Reputation: 1309
Is there an efficient way to to calculate summary stats for each fruit where that fruit row is True?
df comment type score apple banana pear
0 dfsd new 0.4 True False True
1 sdfs low 0.3 False True False
2 sdddfs low 0.2 False True False
3 sdsfs low 0.8 True True False
4 ddds low 0.1 True True True
...
I've tried:
fruits = ['apple','banana','pear']
for fruit in fruits:
df1 = df.loc[df.f'{fruit}', :]
df1.describe()
Expected Output:
fruit
count mean_score std_score
apple
banana
pear
Upvotes: 3
Views: 144
Reputation: 5788
A general way to do this that doesnt rely on df.describe happening to have the stats you are after is:
df2 = df.groupby(['apple','banana','pear']).agg({'type':['count','mean','std']})
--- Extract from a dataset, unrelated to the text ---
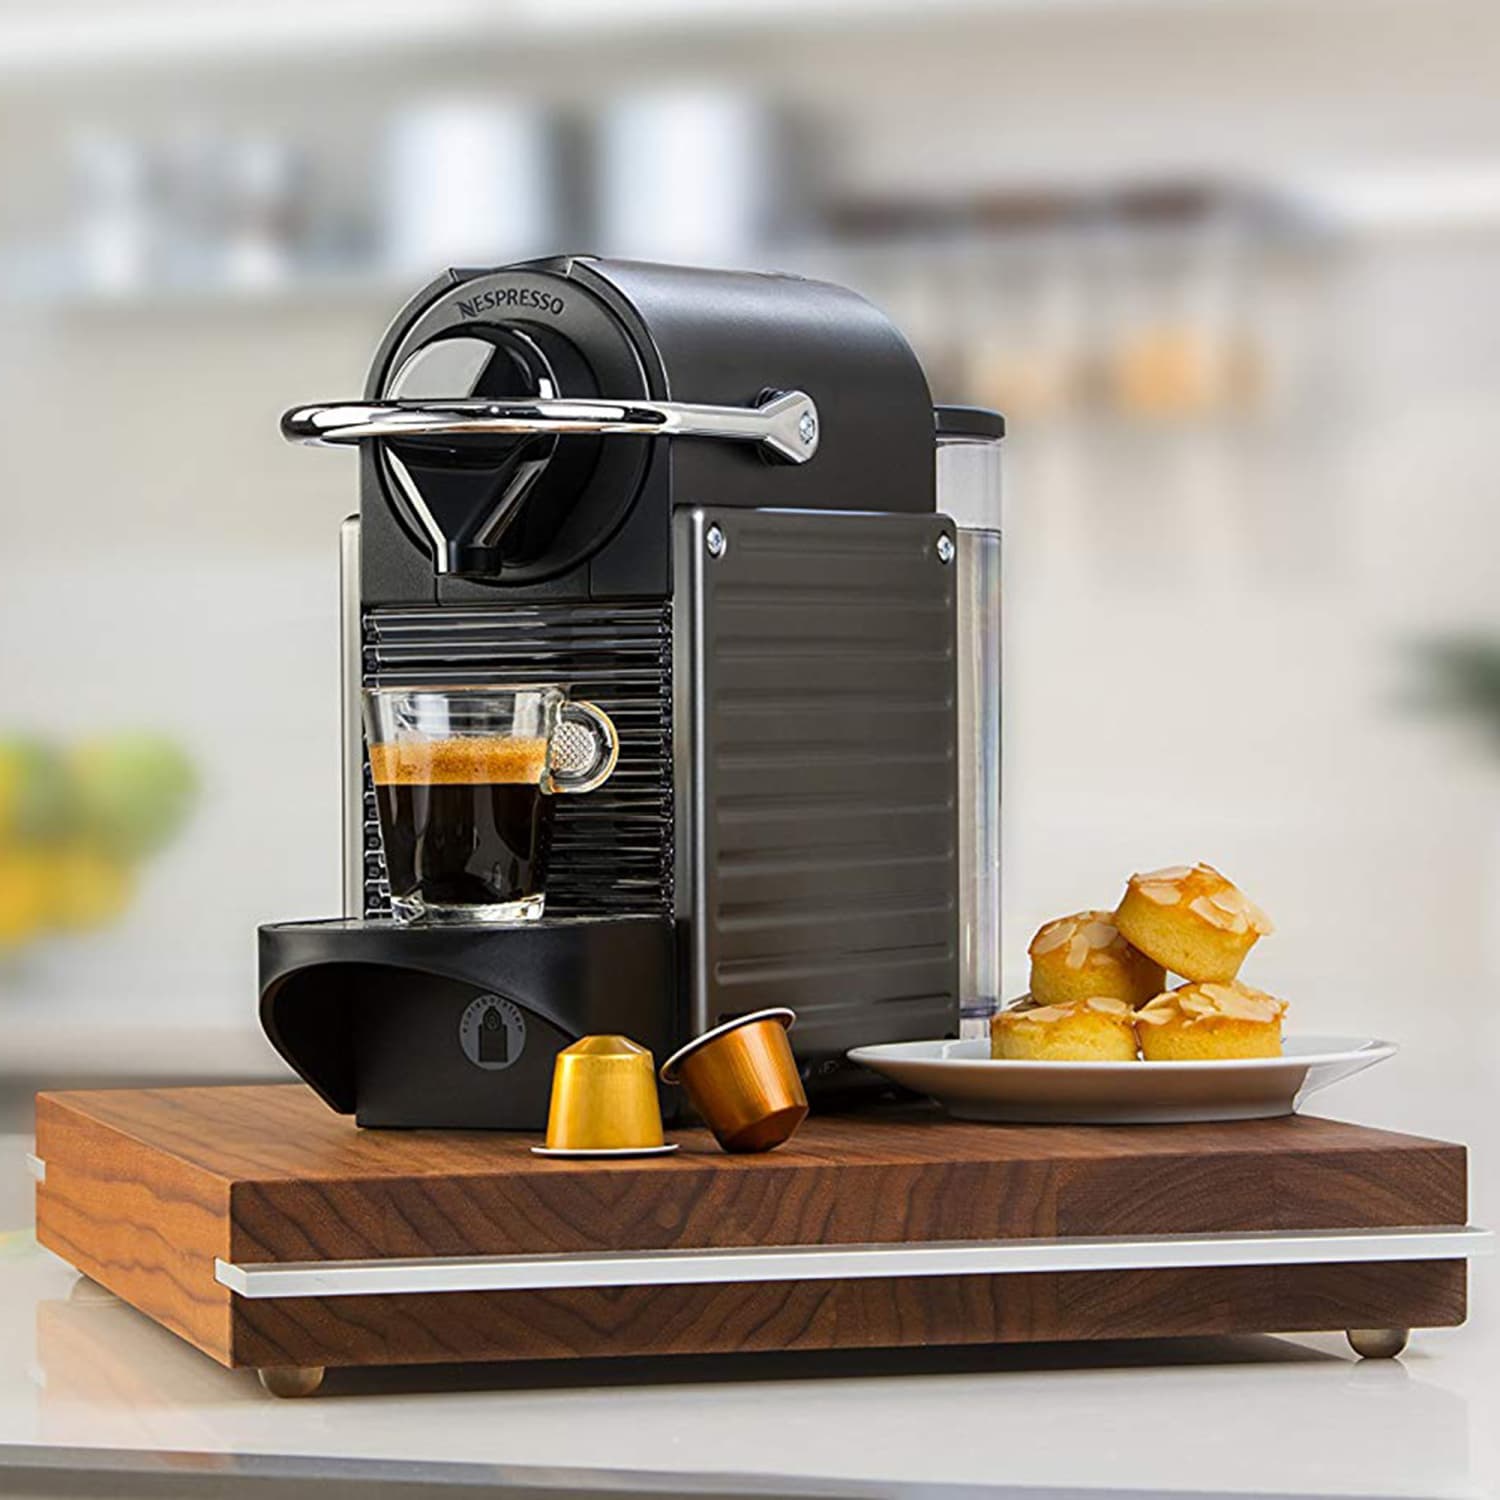 Konsulat Accor At deaktivere The best coffee maker 2019: Nespresso Pixie
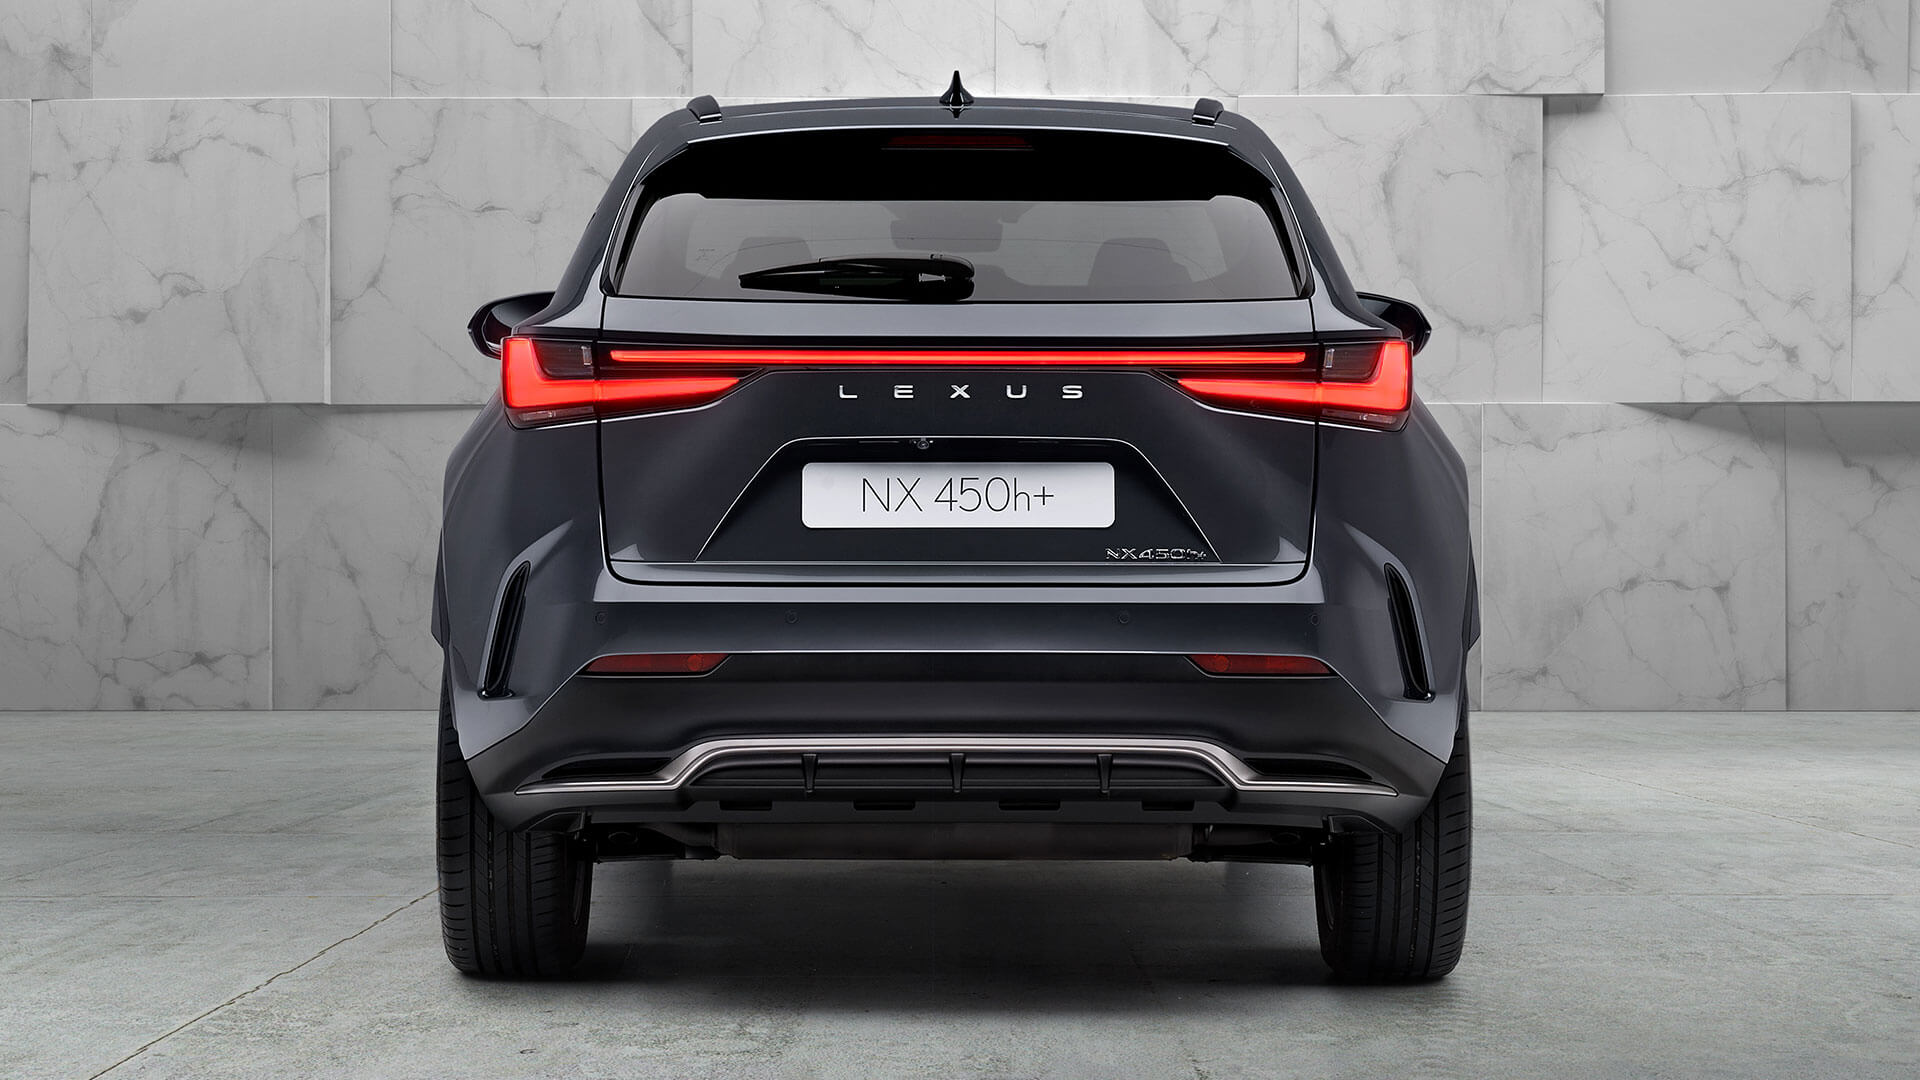 Rear view of the Lexus NX 450h+

will get you the count, mean, and std for each fruit.\
In response to a comment, you can rework the indices to get just a fruit per row by:
df2.index = [df2.index.names[i] for j in range(len(df2.index.names)) for i,x in enumerate(df2.index[j]) if x ]
Upvotes: 0
Reputation: 71707
Select the required fruits
columns then get the corresponding score
for each fruit column and mask the False
value finally use describe
to get the descriptive statistics:
s = ['count', 'mean', 'std']
stats = df[fruits].apply(lambda m: df['score'].mask(~m)).describe().T[s]
print(stats)
count mean std
apple 3.0 0.433333 0.351188
banana 4.0 0.350000 0.310913
pear 2.0 0.250000 0.212132
Upvotes: 3